# Available data:
════════════════════

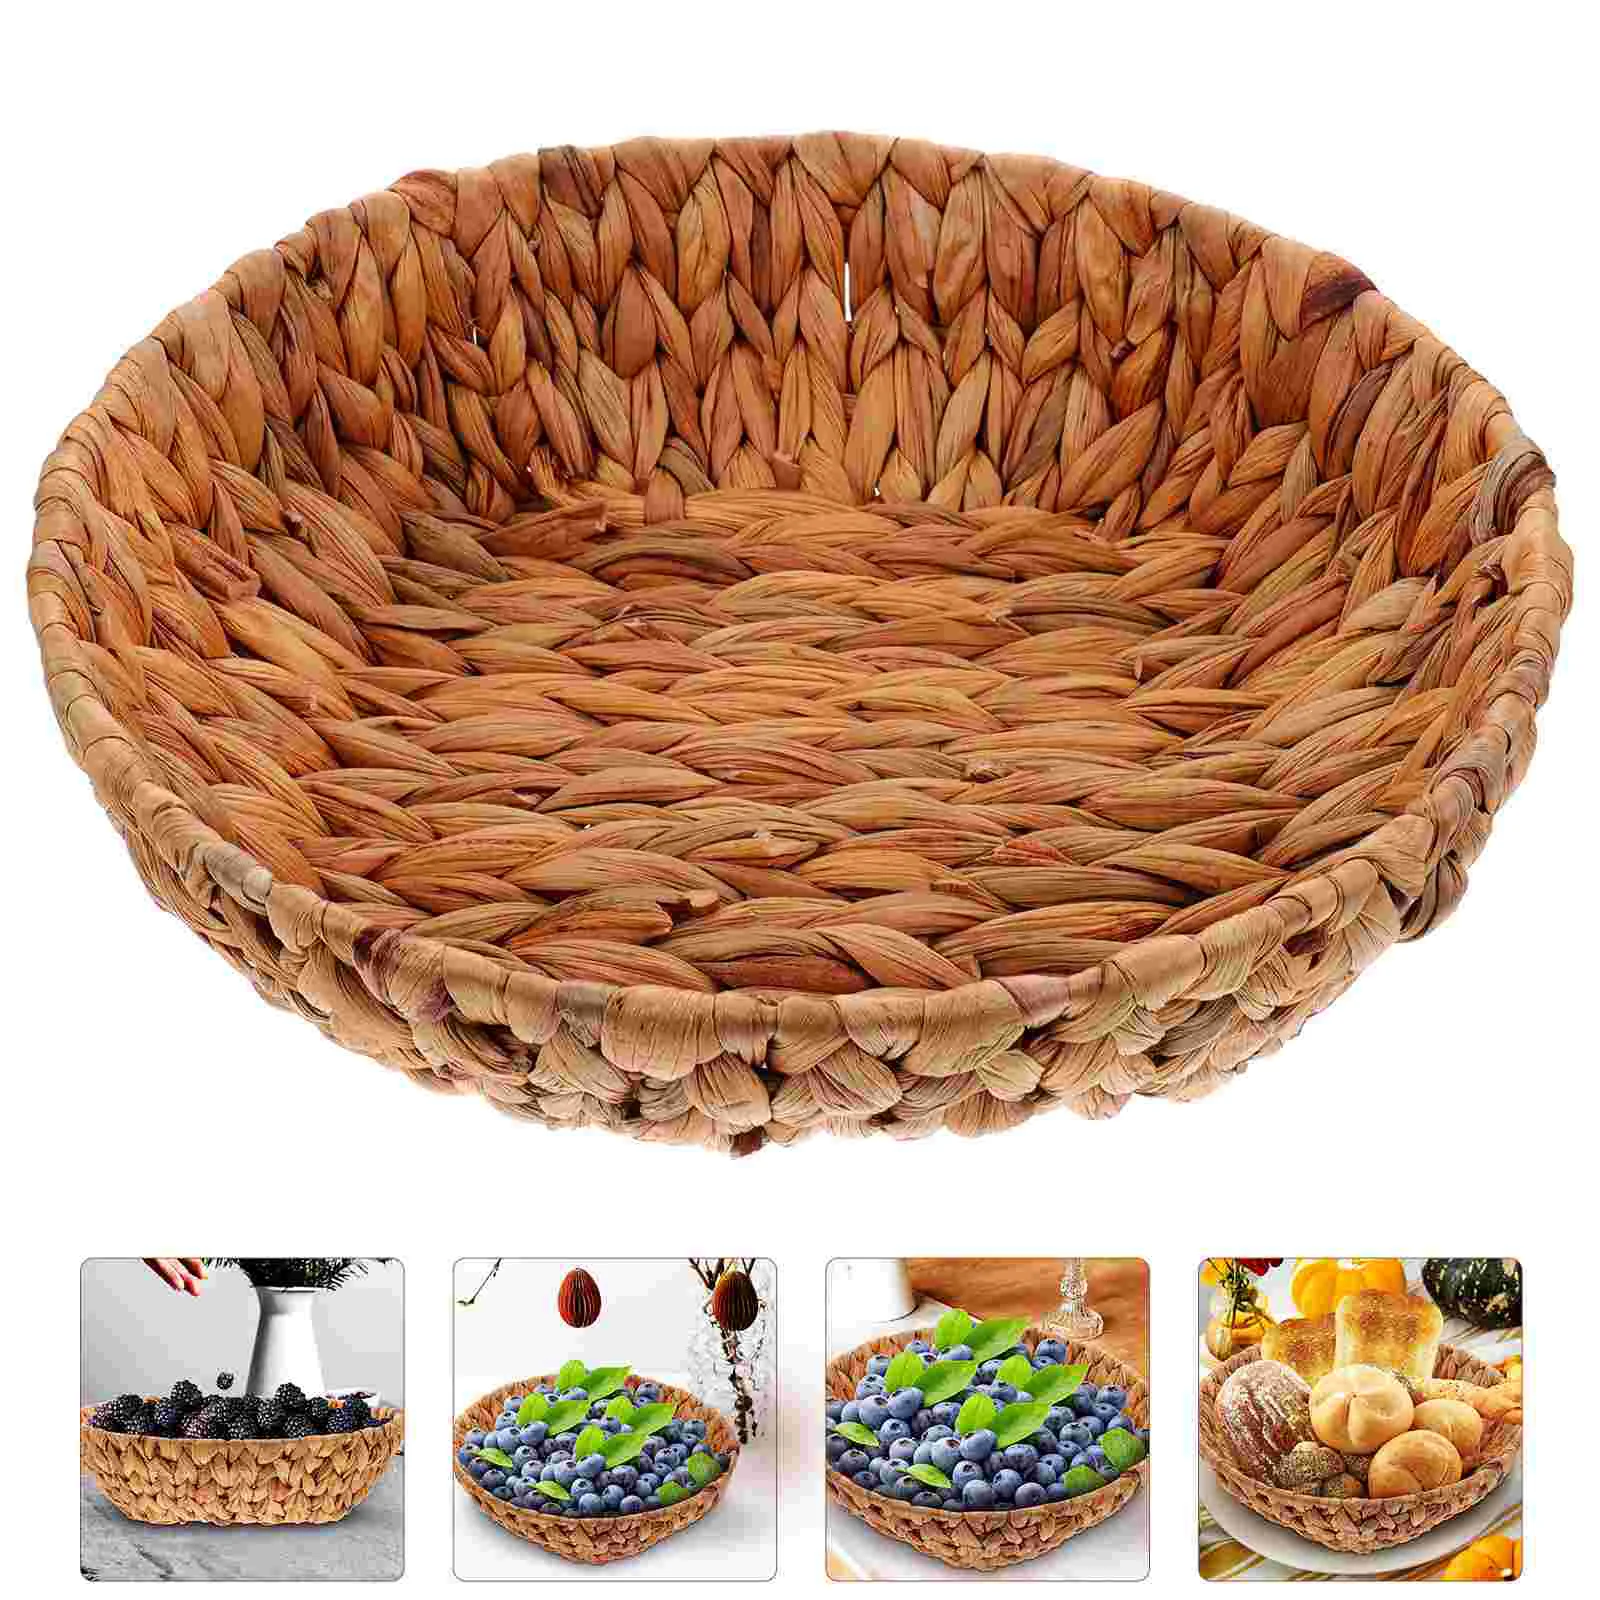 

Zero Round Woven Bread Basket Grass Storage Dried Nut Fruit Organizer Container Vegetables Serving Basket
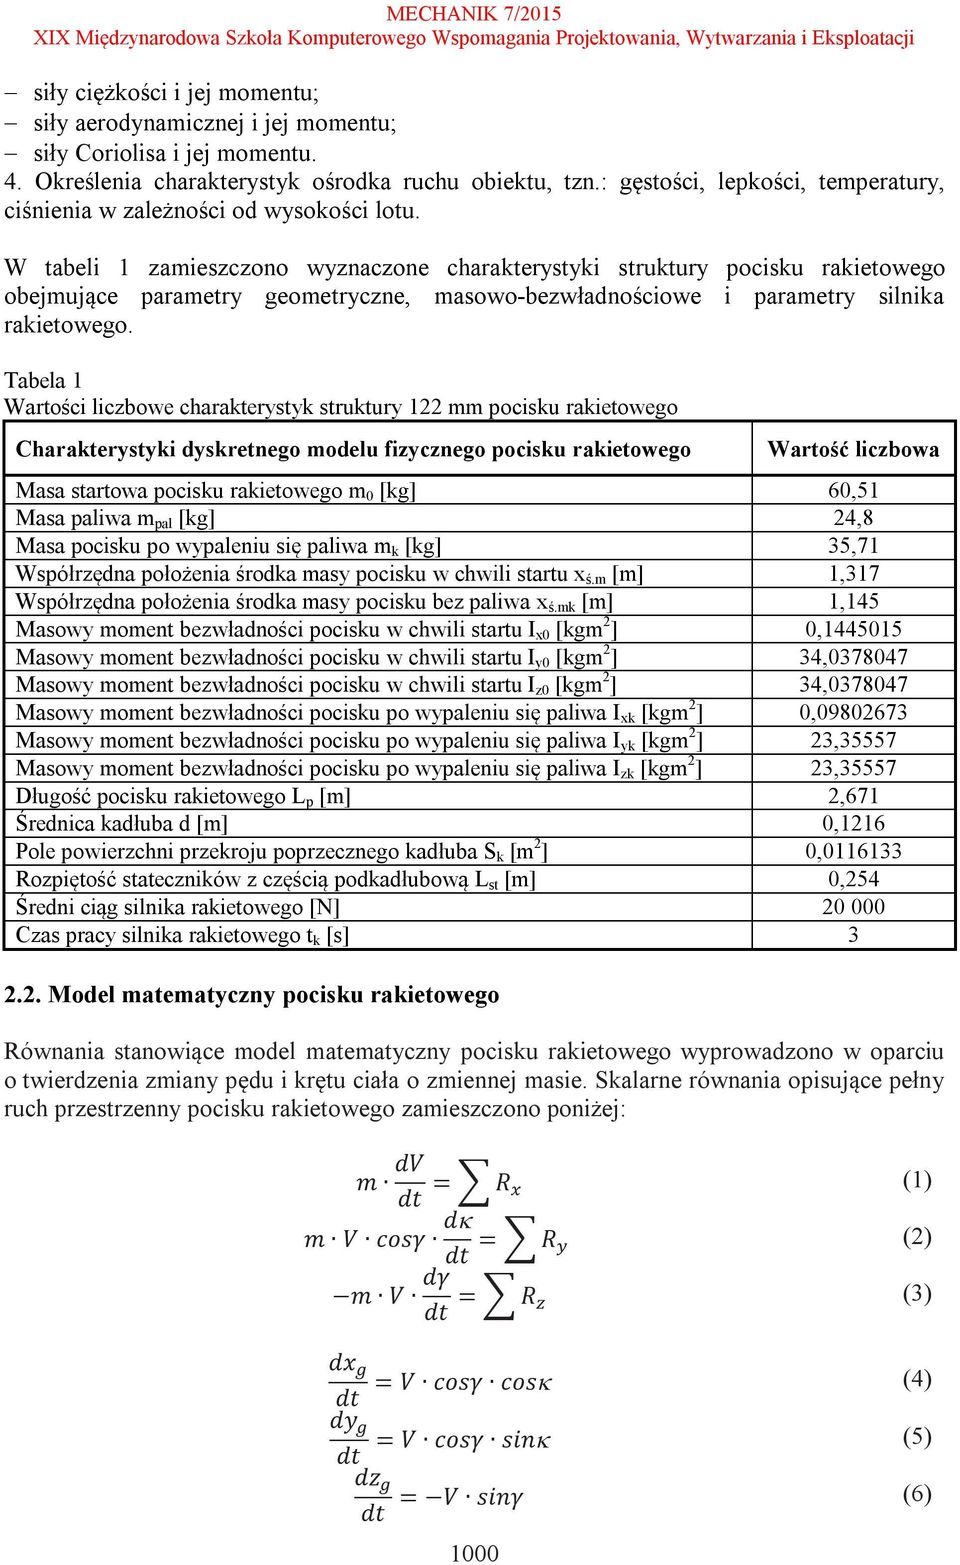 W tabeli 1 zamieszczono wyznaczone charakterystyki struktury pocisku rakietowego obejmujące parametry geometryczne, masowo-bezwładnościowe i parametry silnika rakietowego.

════════════════════

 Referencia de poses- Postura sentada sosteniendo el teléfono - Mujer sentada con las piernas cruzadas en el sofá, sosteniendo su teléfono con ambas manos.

════════════════════

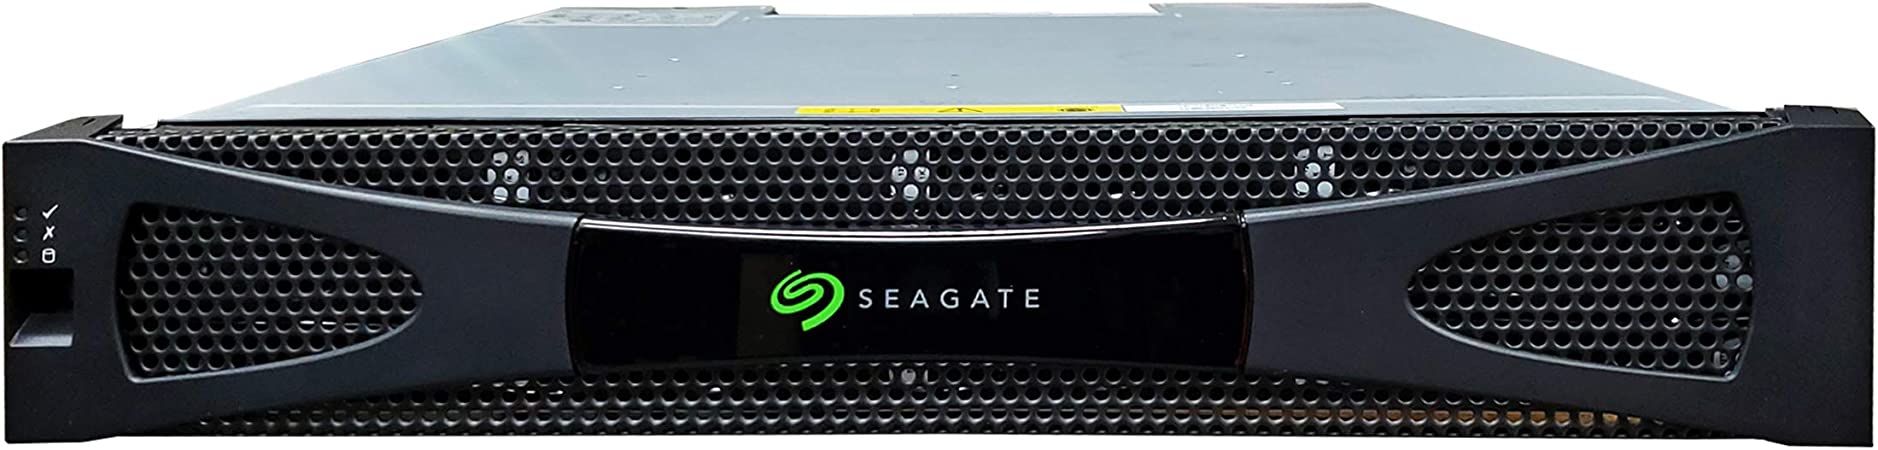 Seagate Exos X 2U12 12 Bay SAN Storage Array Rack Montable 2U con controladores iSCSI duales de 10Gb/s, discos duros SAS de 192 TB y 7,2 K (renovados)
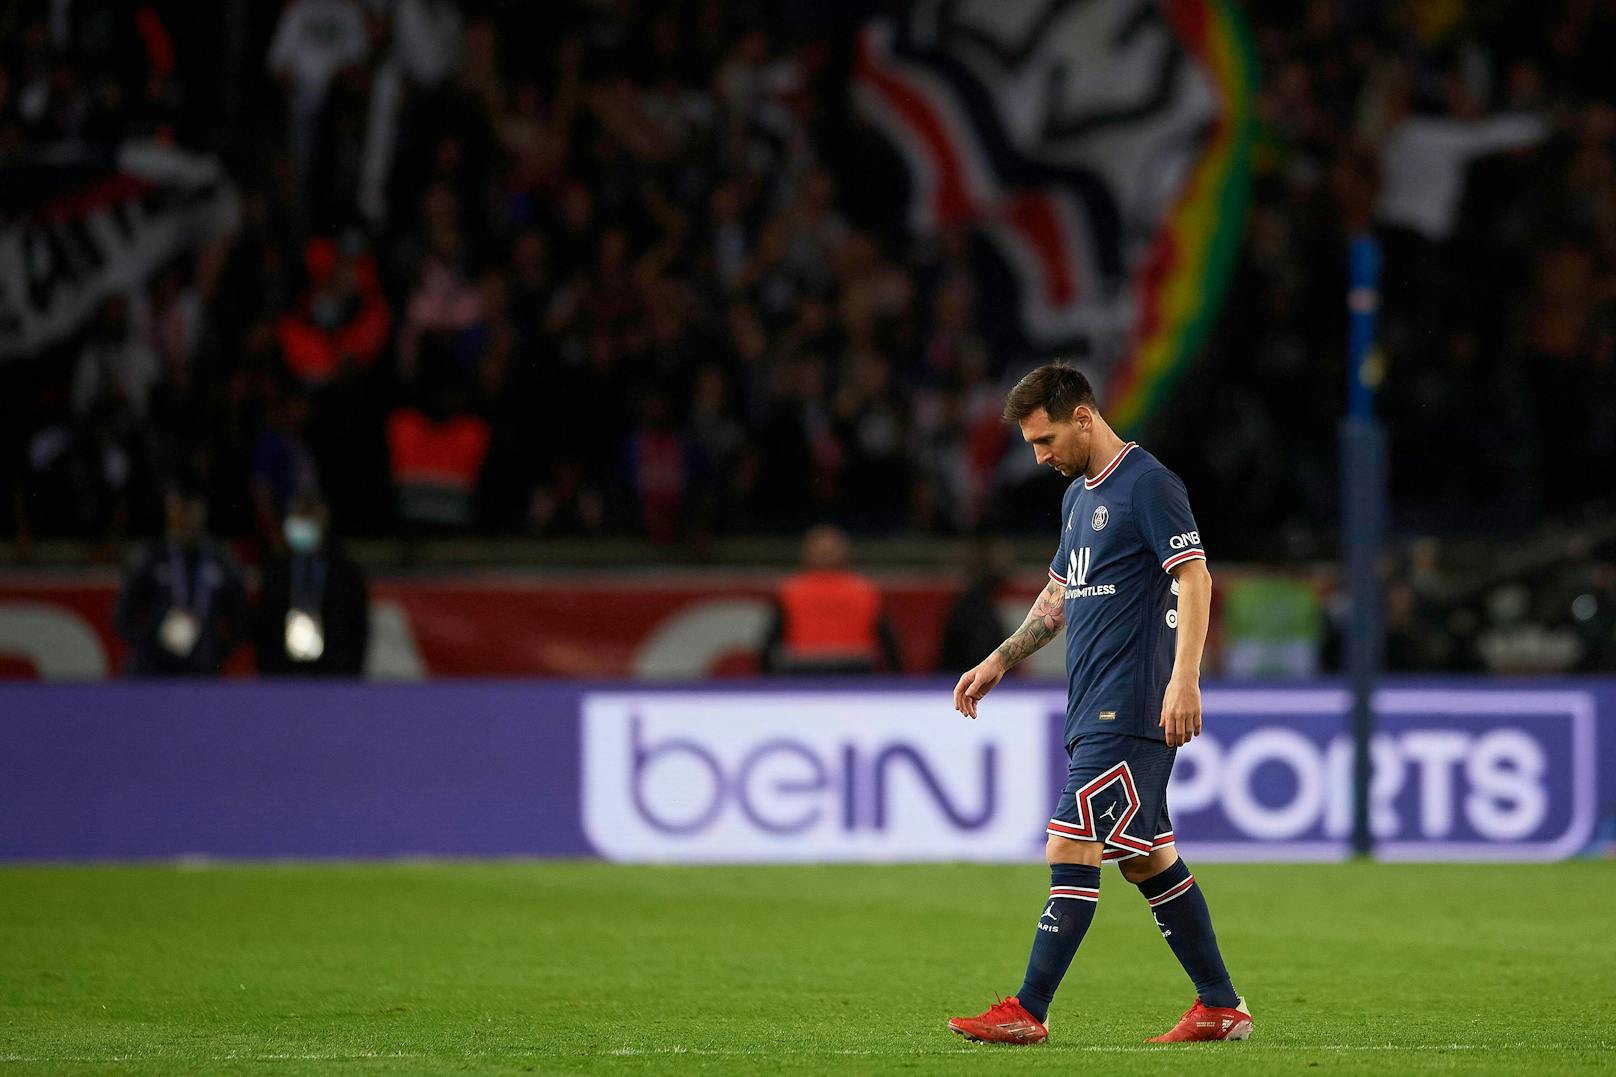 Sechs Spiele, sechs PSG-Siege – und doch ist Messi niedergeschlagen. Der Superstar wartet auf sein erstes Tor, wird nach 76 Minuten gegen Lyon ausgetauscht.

════════════════════

# Exercise details:
For this exercise, return exactly the lines above from the line with "Zero Round Woven" through the line with "W tabeli 1 zamieszczono", both included. Do not copy the pictures.

# Result of this task:
Zero Round Woven Bread Basket Grass Storage Dried Nut Fruit Organizer Container Vegetables Serving Basket
 W tabeli 1 zamieszczono wyznaczone charakterystyki struktury pocisku rakietowego obejmujące parametry geometryczne, masowo-bezwładnościowe i parametry silnika rakietowego.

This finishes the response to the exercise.